#### The data ####
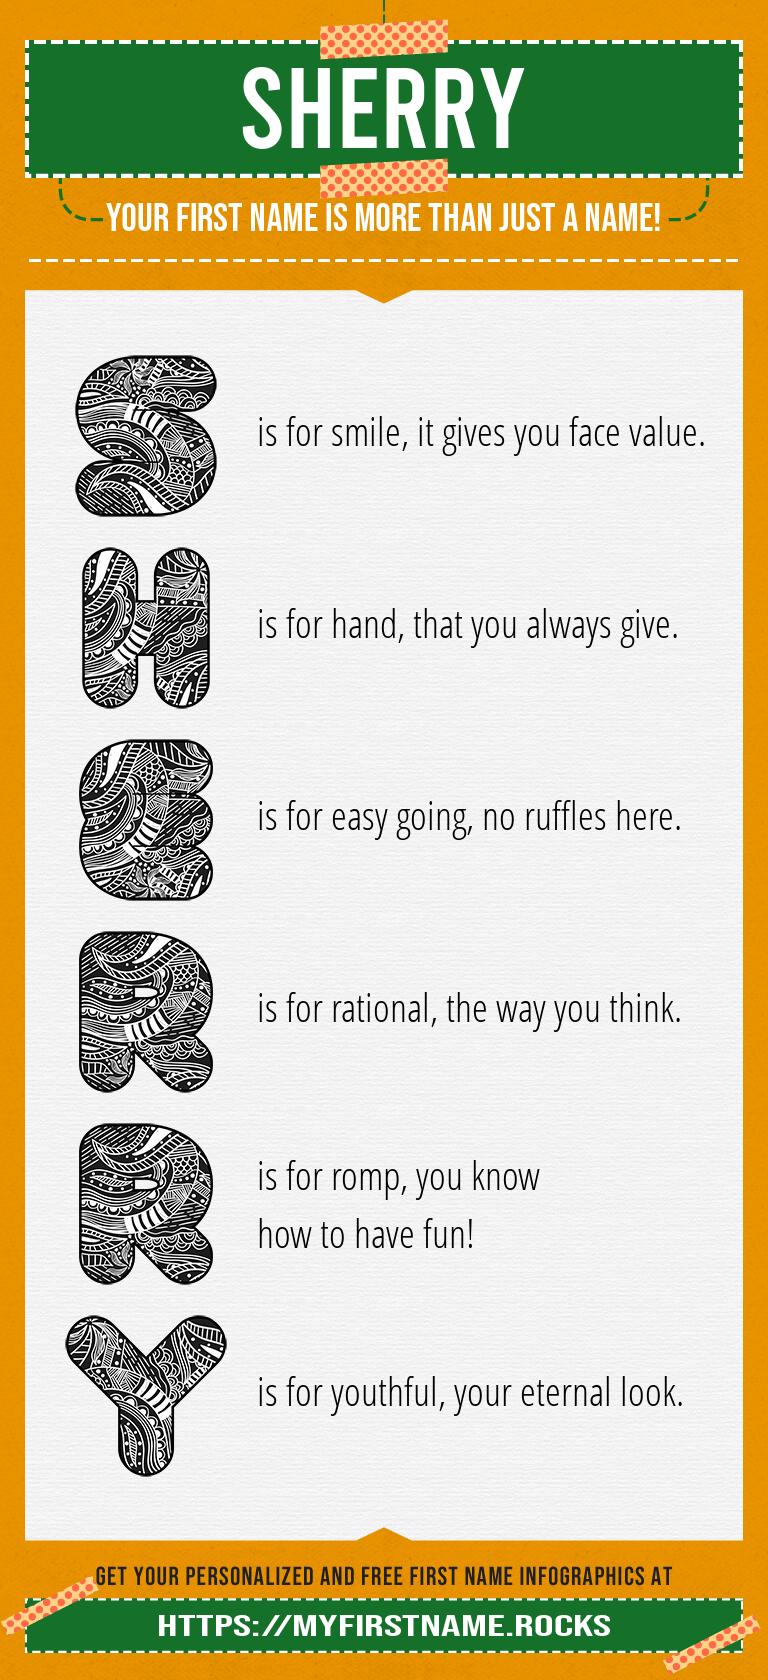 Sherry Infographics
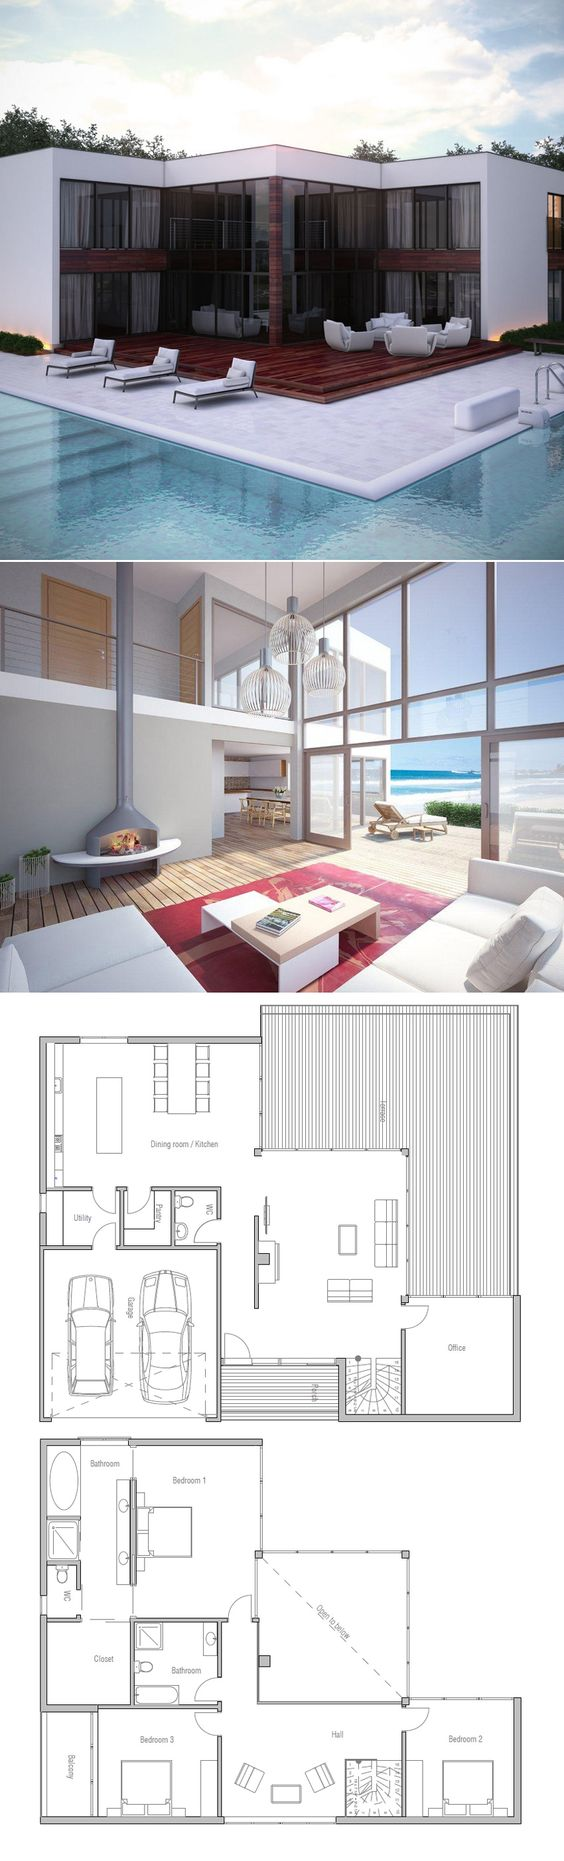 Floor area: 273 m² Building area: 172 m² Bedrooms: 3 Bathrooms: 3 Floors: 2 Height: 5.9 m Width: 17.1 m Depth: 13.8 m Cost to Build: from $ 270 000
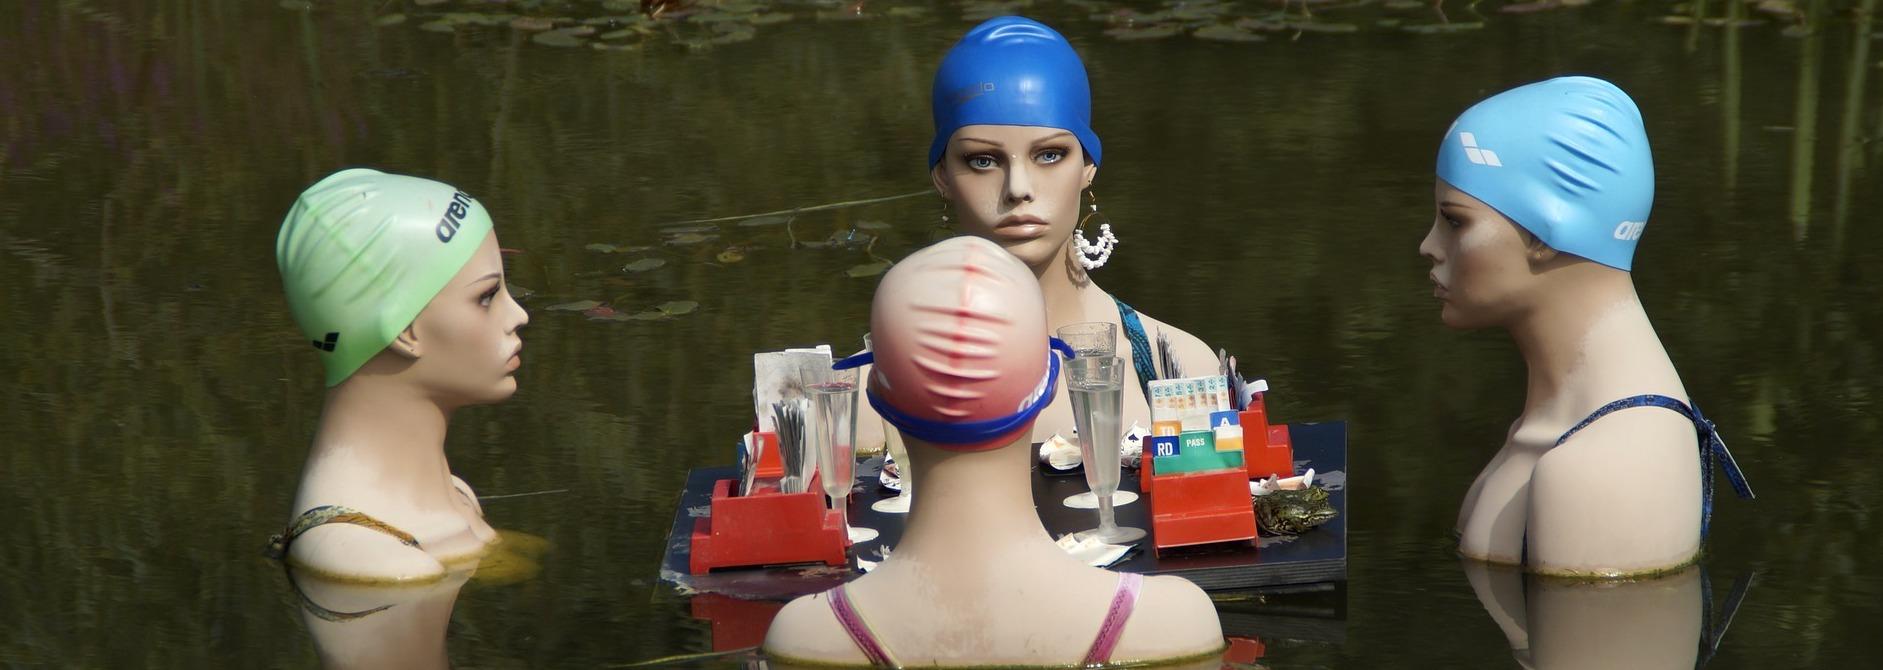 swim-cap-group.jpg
####
#### The data ####
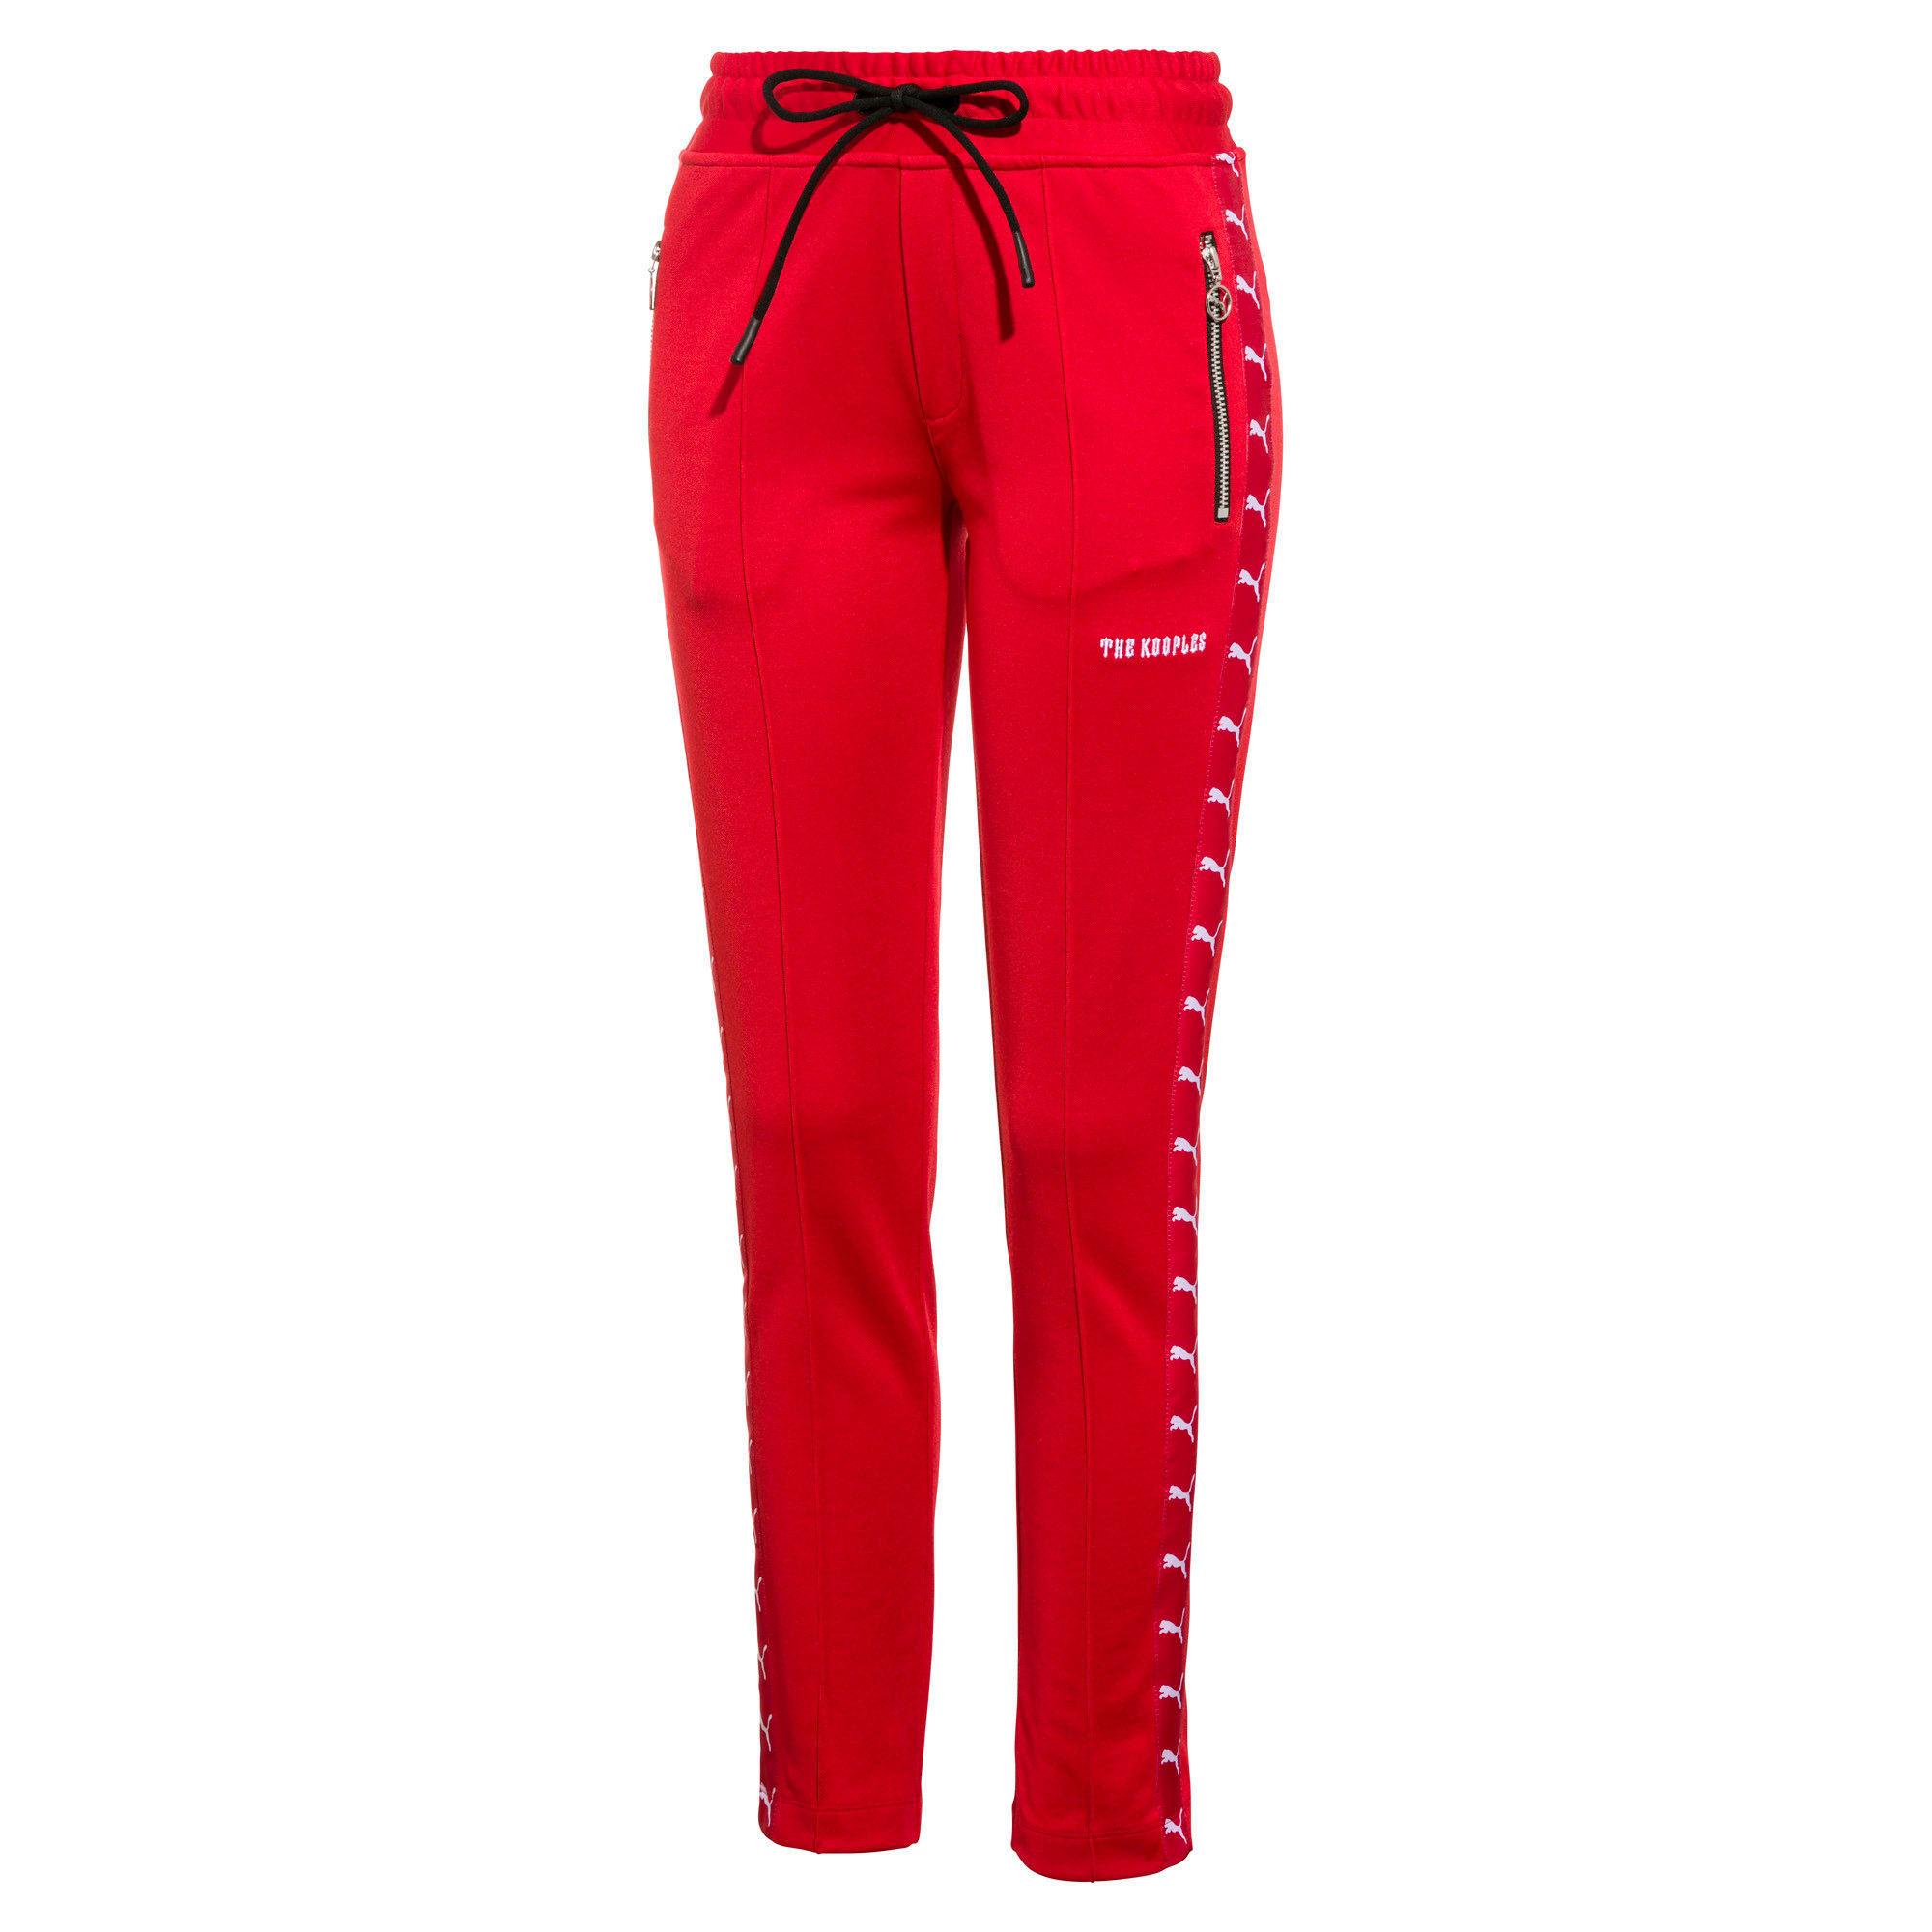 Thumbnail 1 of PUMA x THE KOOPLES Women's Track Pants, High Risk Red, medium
####
Out of the records above, set down only the lines from the one that contains "Sherry Infographics" through the one that contains "swim-cap-group.jpg", unchanged and without the pictures.

 Sherry Infographics
 Floor area: 273 m² Building area: 172 m² Bedrooms: 3 Bathrooms: 3 Floors: 2 Height: 5.9 m Width: 17.1 m Depth: 13.8 m Cost to Build: from $ 270 000
 swim-cap-group.jpg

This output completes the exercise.